Directory structure
Home
Home directory is where you start each session on the HPC cluster.
This is usually where you place your scripts and various things you are working on.
The user home directory is stored in /rhome/, which is a shortcut to /bigdata/rhome.
Each home directory has a share folder that is a shortcut to their lab group at /bigdata/labname.
The home directory is available on all the nodes.
The home directory also uses the lab quota as well, which is 1TB. Additional storage can be purchased.
| Path | /rhome/username |
|---|---|
| User availability | All users |
| Node availability | All nodes |
| Quota respondibility | Lab |
Bigdata
This is where large files are kept. Files are also shared with everyone within your lab.
Each lab has a quota of 1TB and additional storage can be purchased.

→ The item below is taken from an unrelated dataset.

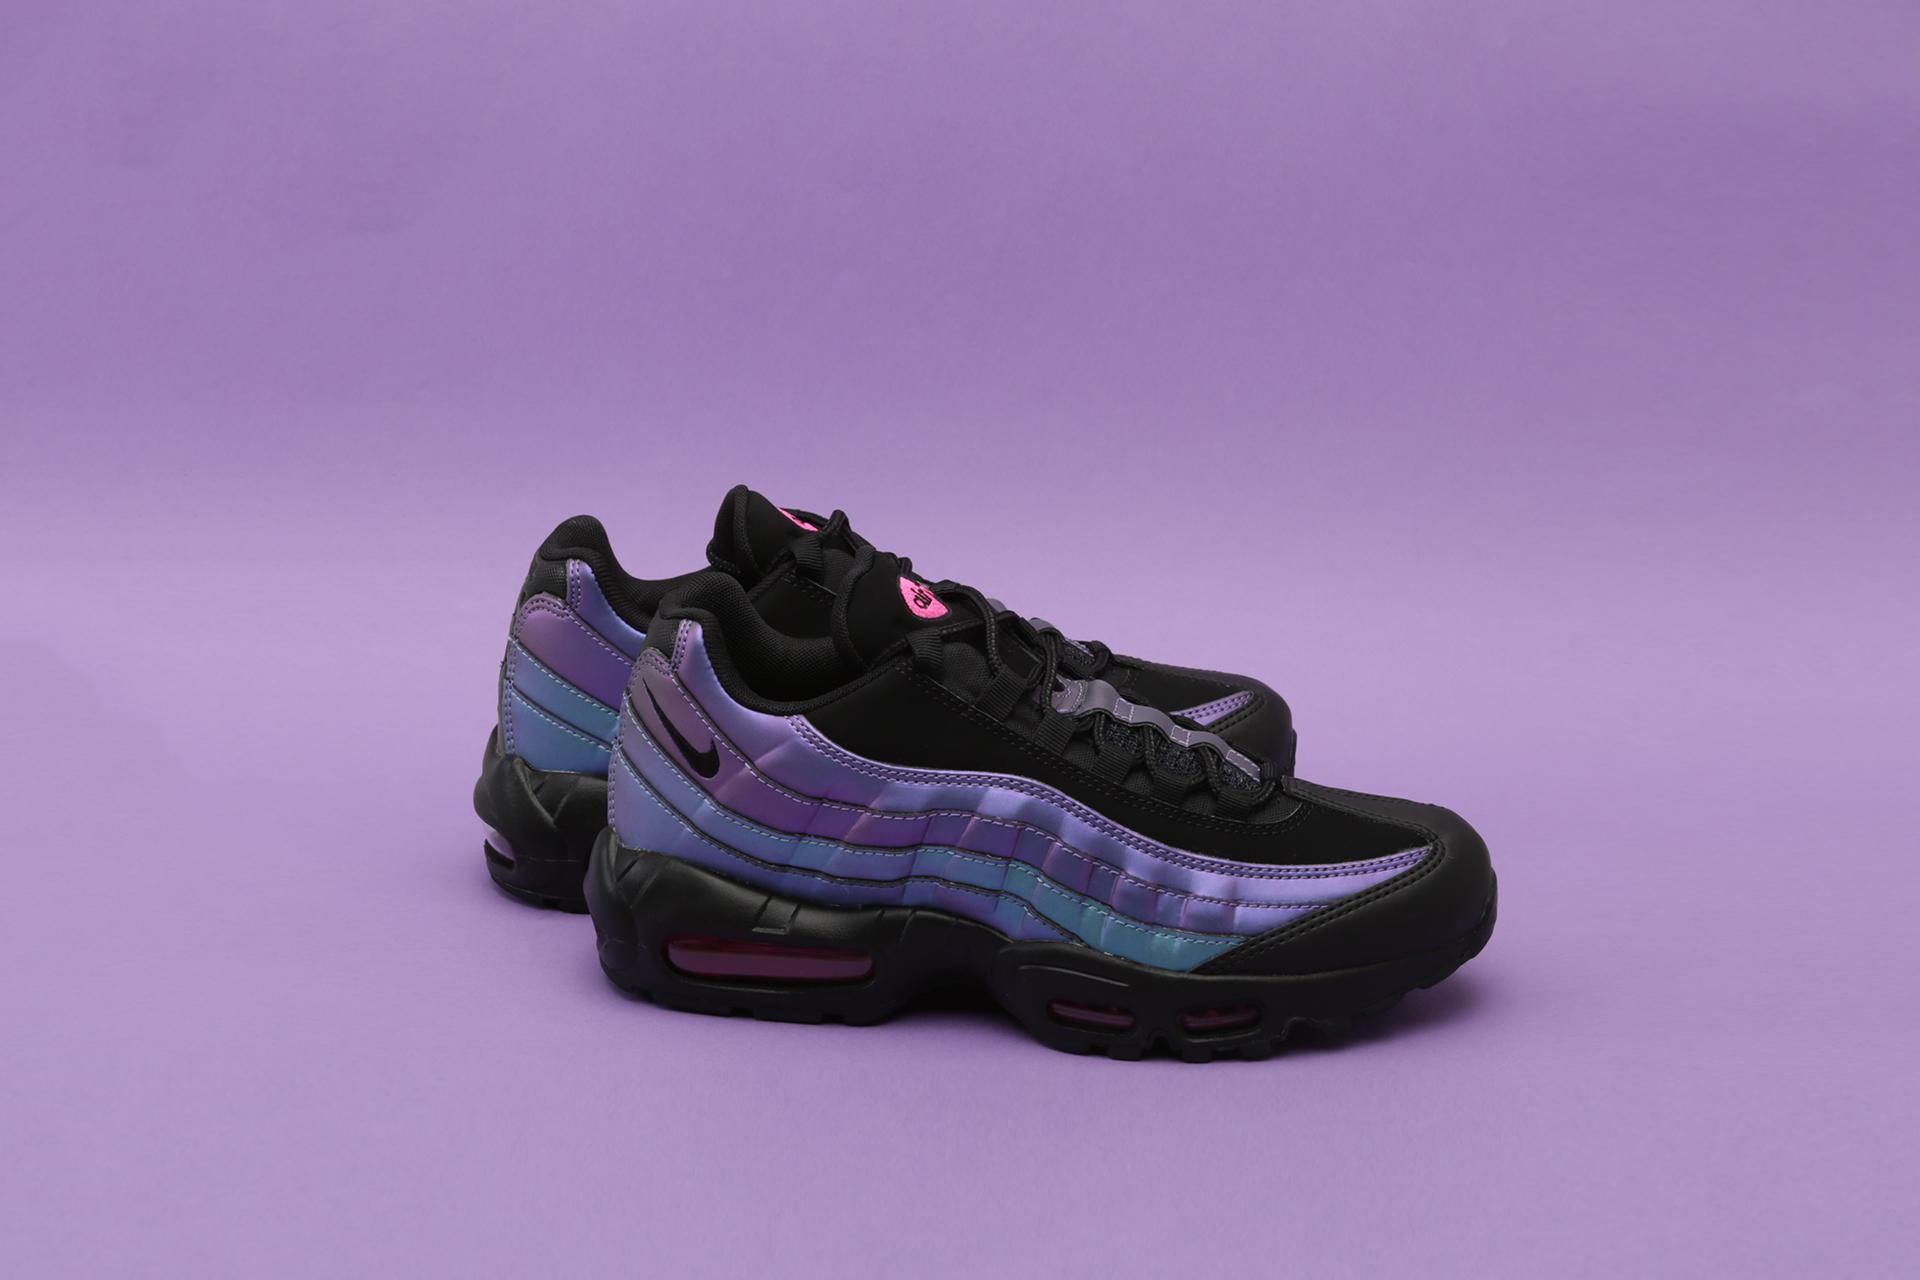 newest fd282 e655a Купить мужские фиолетовые кроссовки Nike Air Max 95 PRM
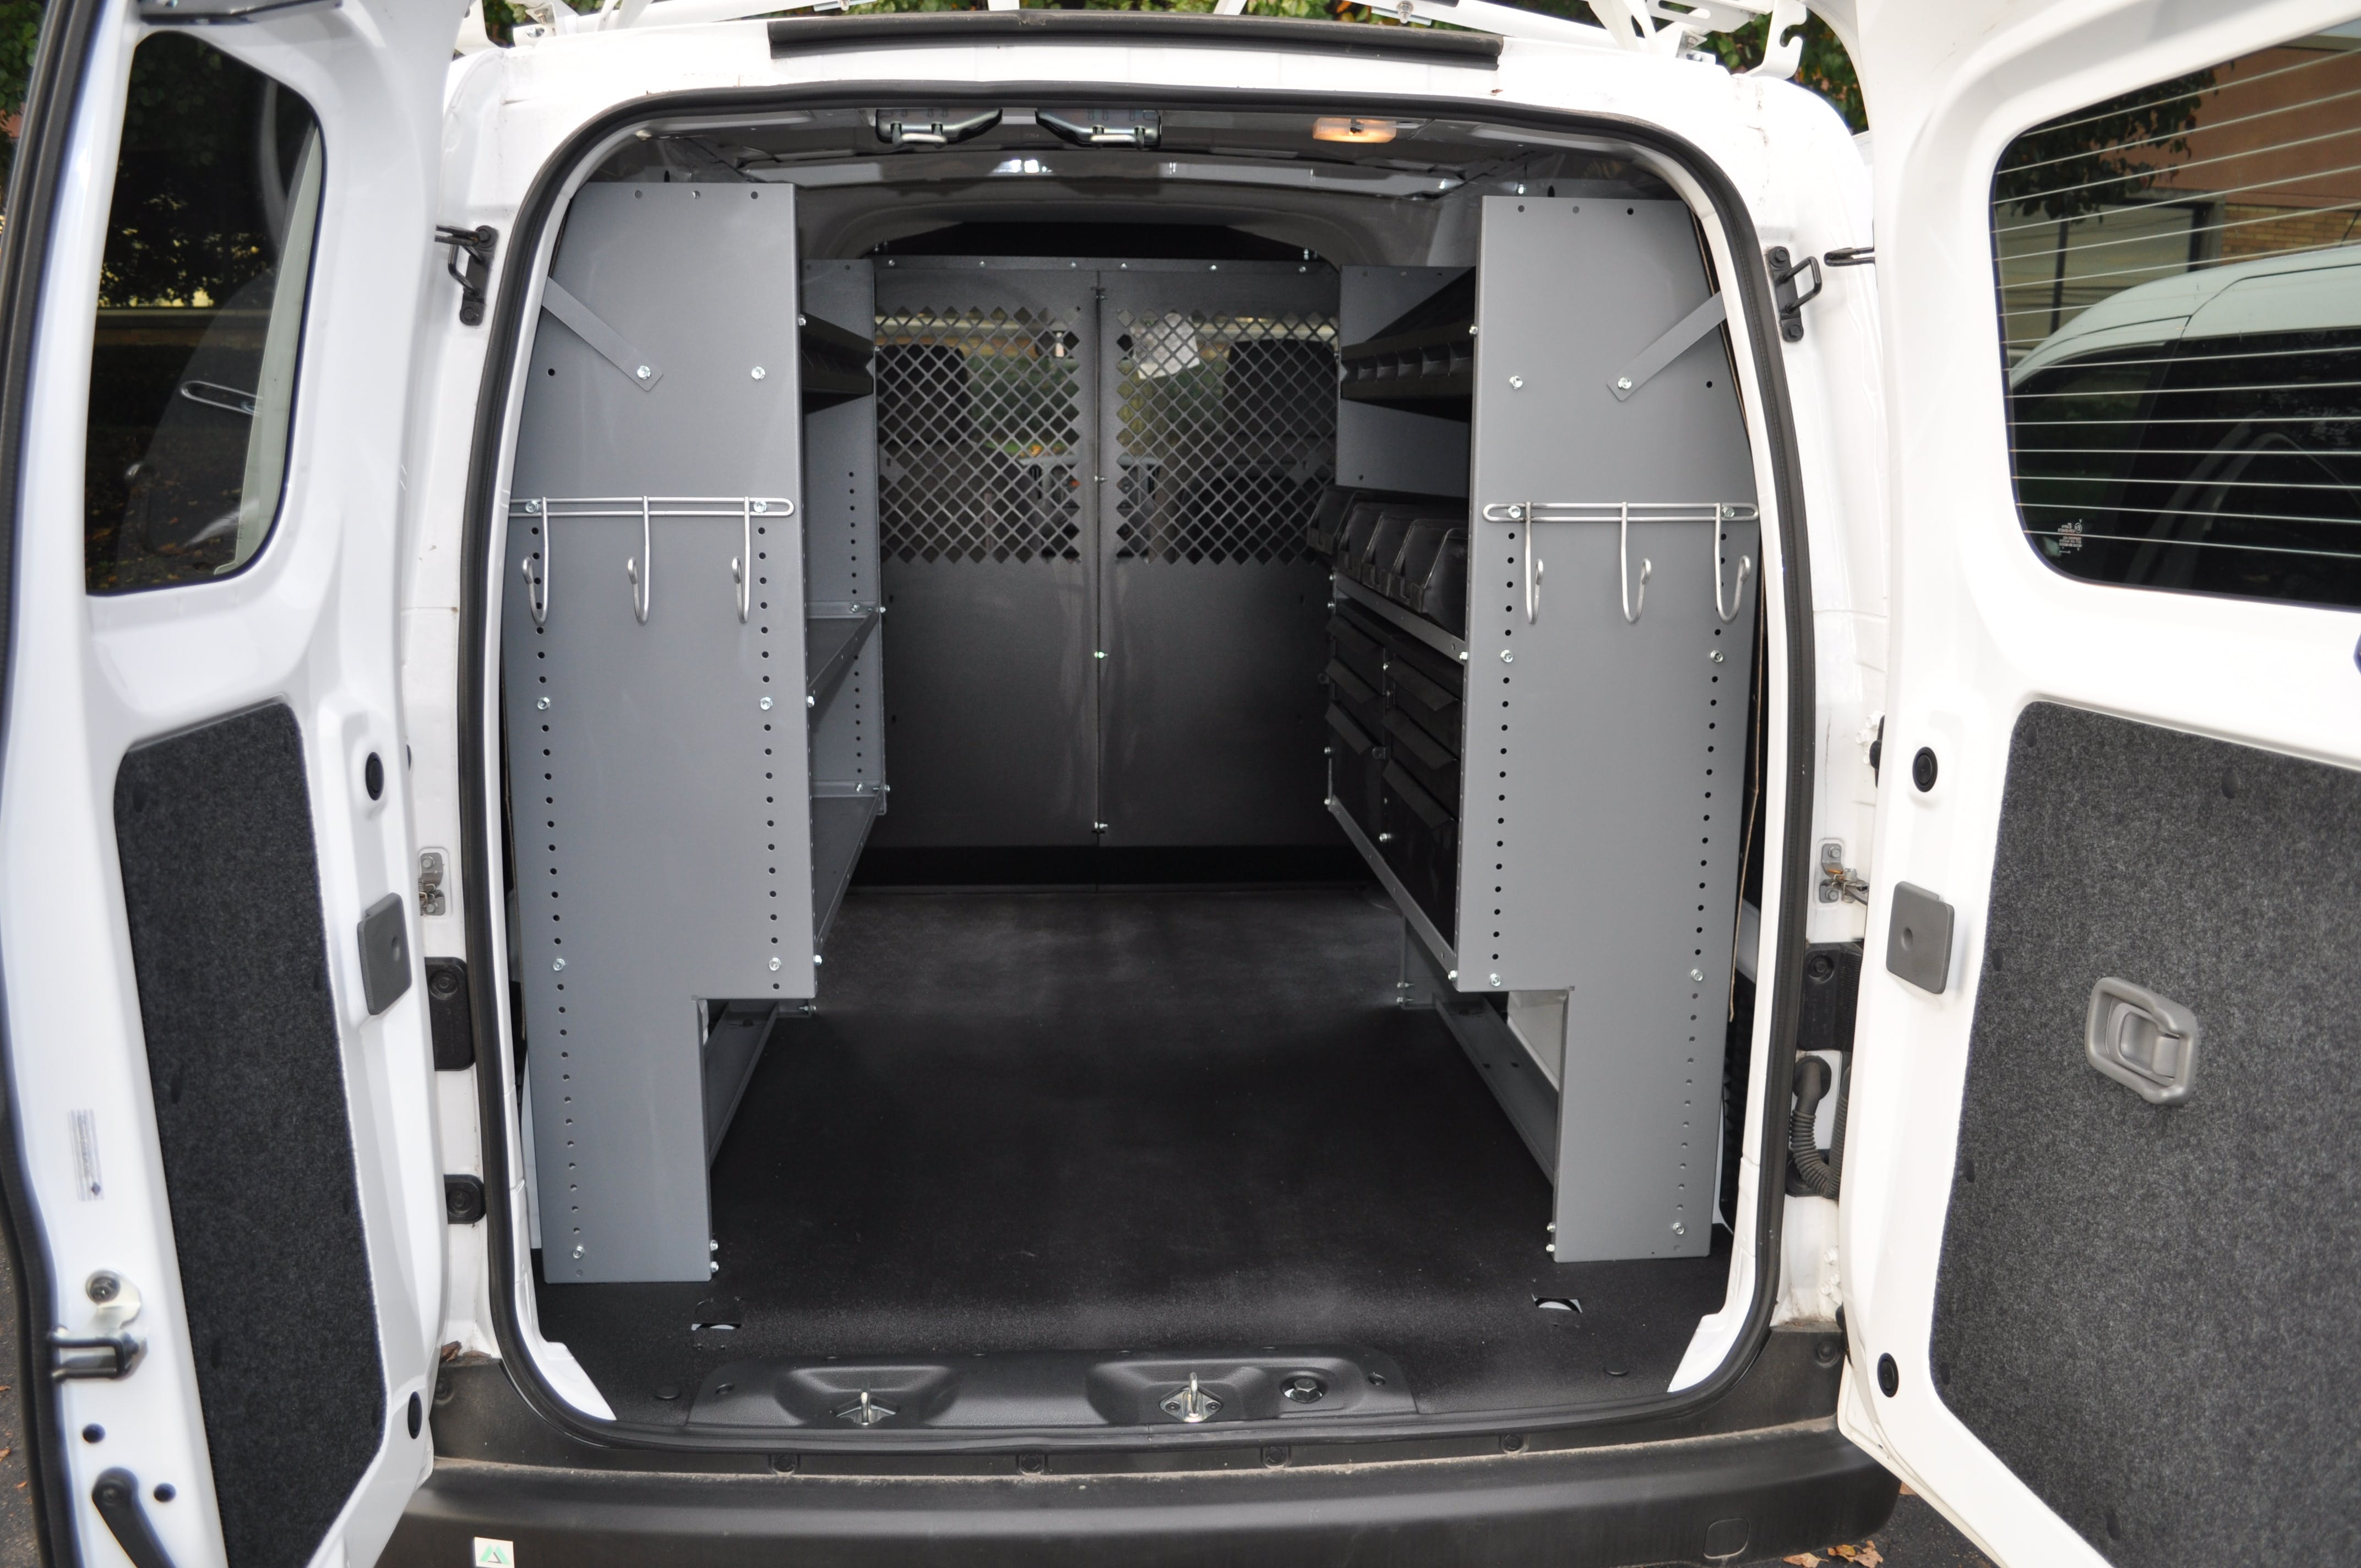 Upfits for Compact Vans

| Path | /bigdata/labname |
|---|---|
| User availability | All users |
| Node availability | All nodes |
| Quota responsibility | Lab |
Non-Persistent
Frequently, there is a need for faster temporary storage. For example activities like the following would fall under this category: 1. Output a significant amount of intermediate data during a job 2. Access a dataset from a faster medium than bigdata or the home directories 3. Write out lock files
These types of activities are well suited to the use of fast non-persistent spaces. Below are the filesystems available on the HPC cluster that would be best suited for these actions.
This is only created to when a job started, and deleted when a job end/error/failed/canceled.
SSD Backed Space
This space is much faster than the persistent space (/rhome, /bigdata).
Storage varies from node to node since other users could be using it as well.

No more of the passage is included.